— Task prompt —
Restate word for word the entries below, starting with the line with "Еловый зимний аромат: love-story" and continuing through the line with "Terza maglia Juventus". Include both of those lines and no others.

[Opening Records to use section]

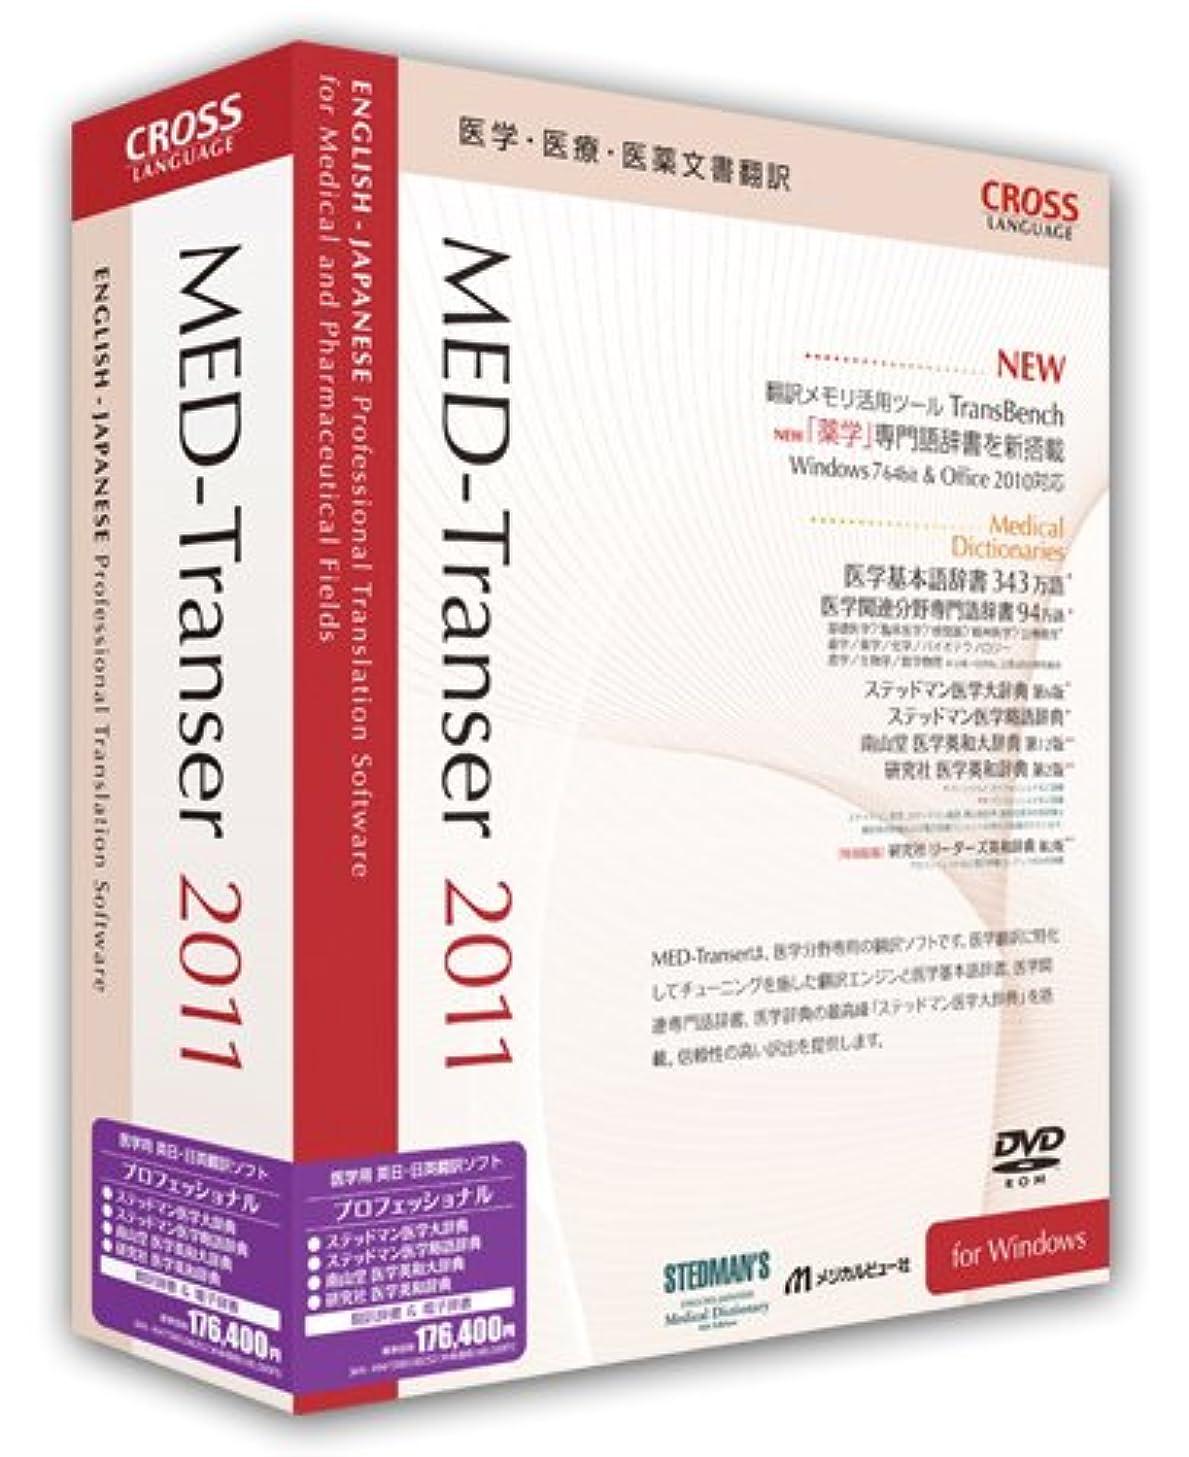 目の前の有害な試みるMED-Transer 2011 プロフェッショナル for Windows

[Closing Records to use section]
[Opening Records to use section]

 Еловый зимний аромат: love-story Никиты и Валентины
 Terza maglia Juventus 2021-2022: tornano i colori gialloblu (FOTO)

[Closing Records to use section]

— Answer space —
 Еловый зимний аромат: love-story Никиты и Валентины
 Terza maglia Juventus 2021-2022: tornano i colori gialloblu (FOTO)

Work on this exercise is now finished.